§ **Information provided**:

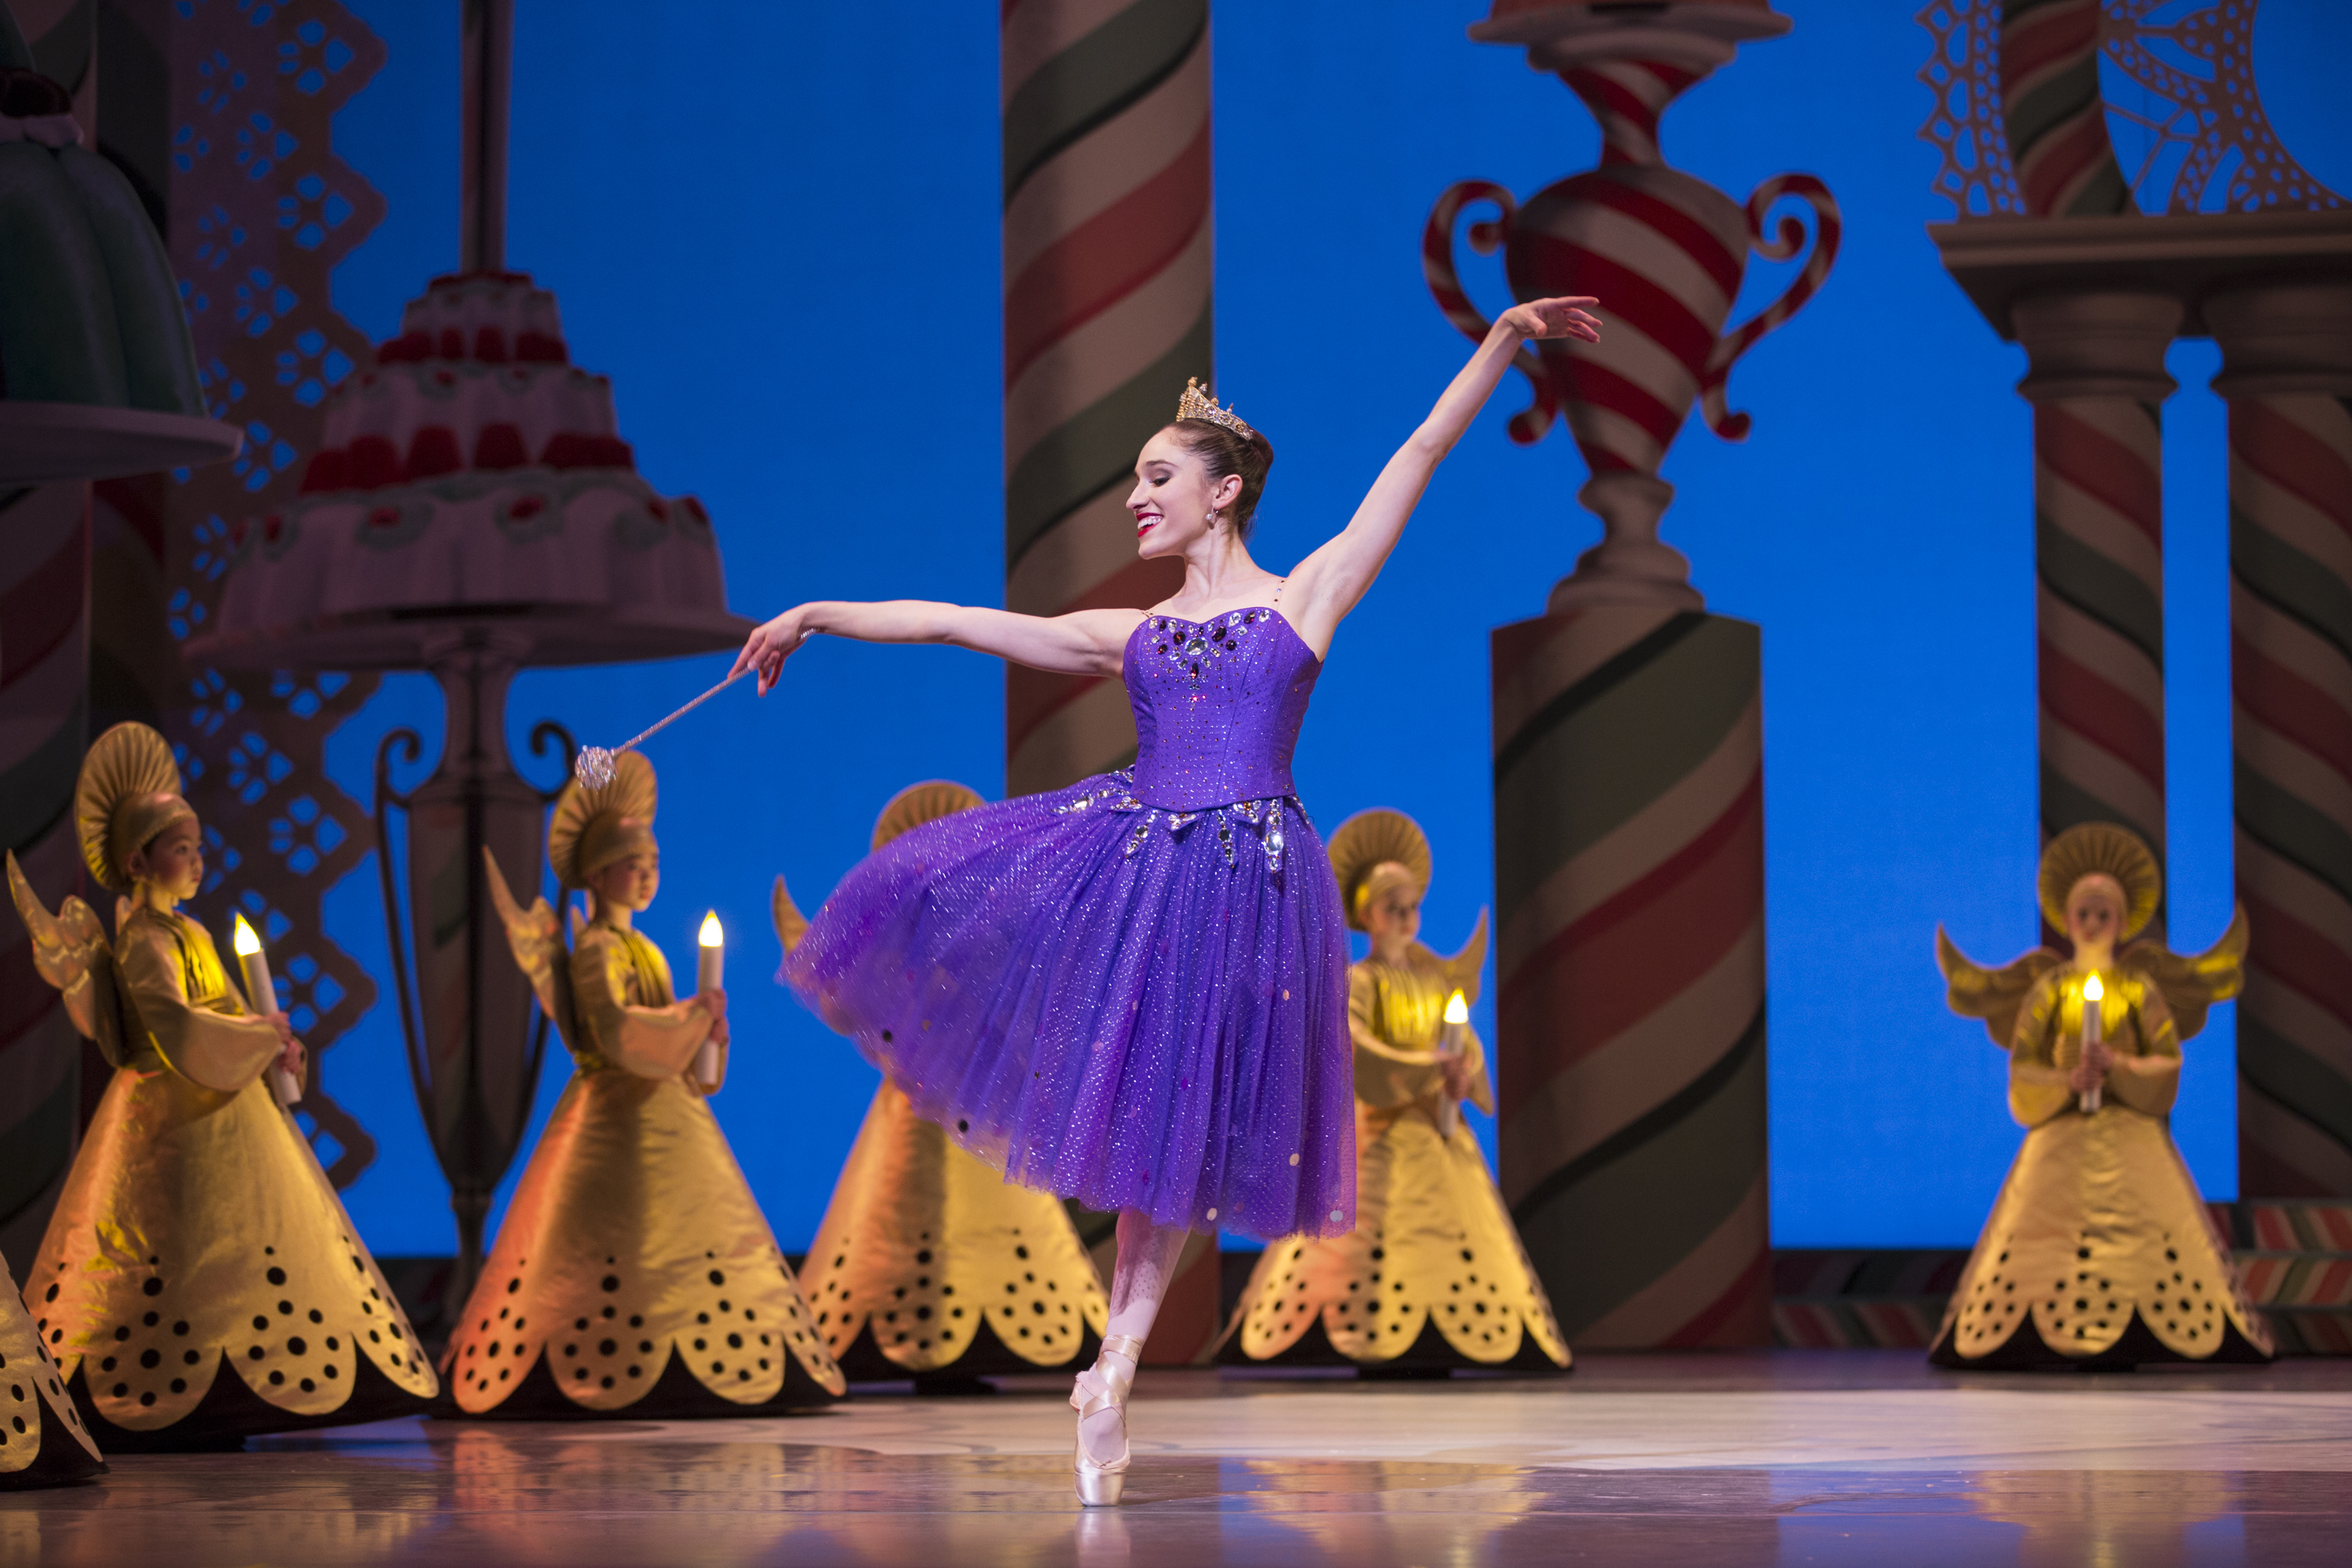 Pacific Northwest Ballet soloist Leta Biasucci as the Sugar Plum Fairy, with PNB School students in George Balanchine’s The Nutcracker®, choreographed by George Balanchine © The George Balanchine Trust. PNB’s production features sets and costumes designed by children’s author and illustrator Ian Falconer (Olivia the Pig) and runs November 25 – December 28, 2016. Photo © Angela Sterling.
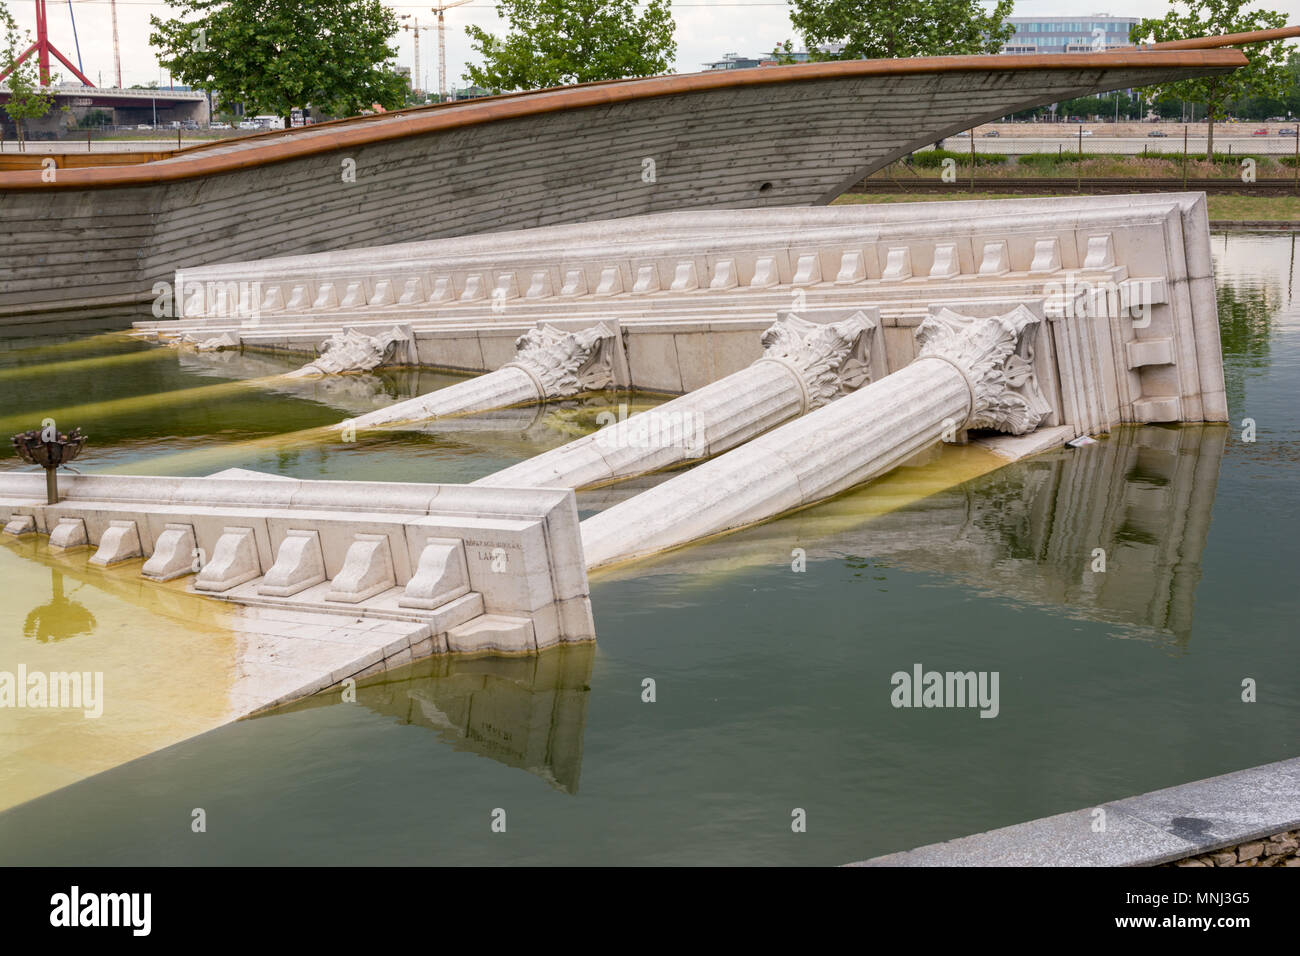 BUDAPEST, HUNGARY - MAY 17, 2018: Fake ancient greek ruins at National theater at Budapest, Hungary. Can be found in the park front of the theater. Stock Photo
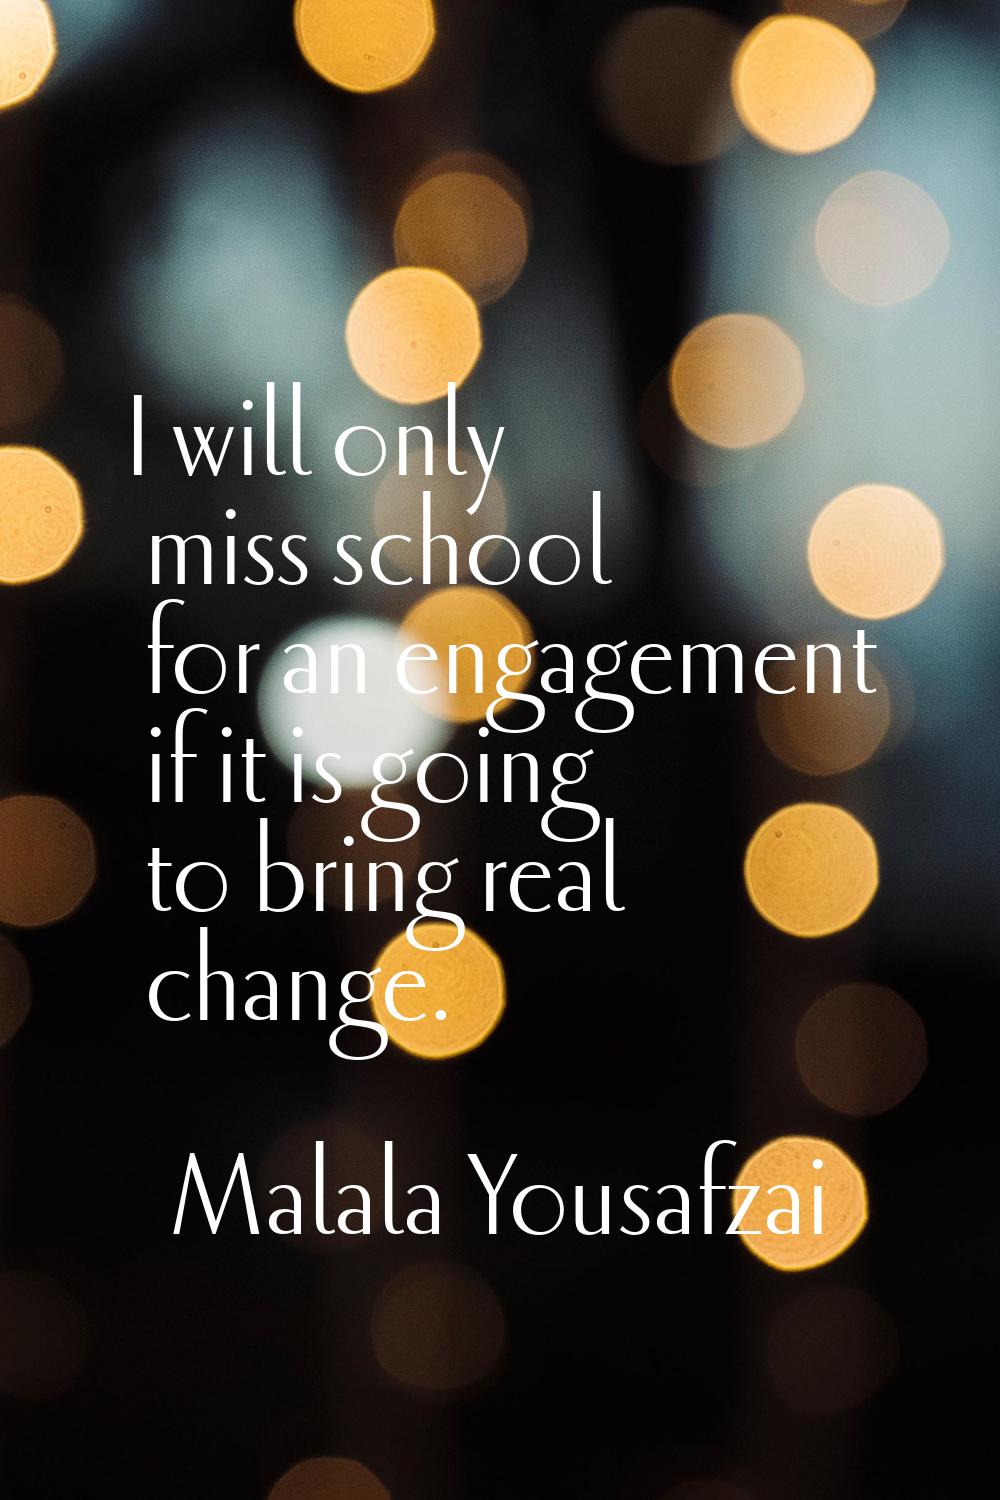 I will only miss school for an engagement if it is going to bring real change.

§ **What is expected**:
Every line of the listing is to be retyped exactly; pictures stay out.

§ **Solution for this exercise**:
 Pacific Northwest Ballet soloist Leta Biasucci as the Sugar Plum Fairy, with PNB School students in George Balanchine’s The Nutcracker®, choreographed by George Balanchine © The George Balanchine Trust. PNB’s production features sets and costumes designed by children’s author and illustrator Ian Falconer (Olivia the Pig) and runs November 25 – December 28, 2016. Photo © Angela Sterling.
 BUDAPEST, HUNGARY - MAY 17, 2018: Fake ancient greek ruins at National theater at Budapest, Hungary. Can be found in the park front of the theater. Stock Photo
 I will only miss school for an engagement if it is going to bring real change.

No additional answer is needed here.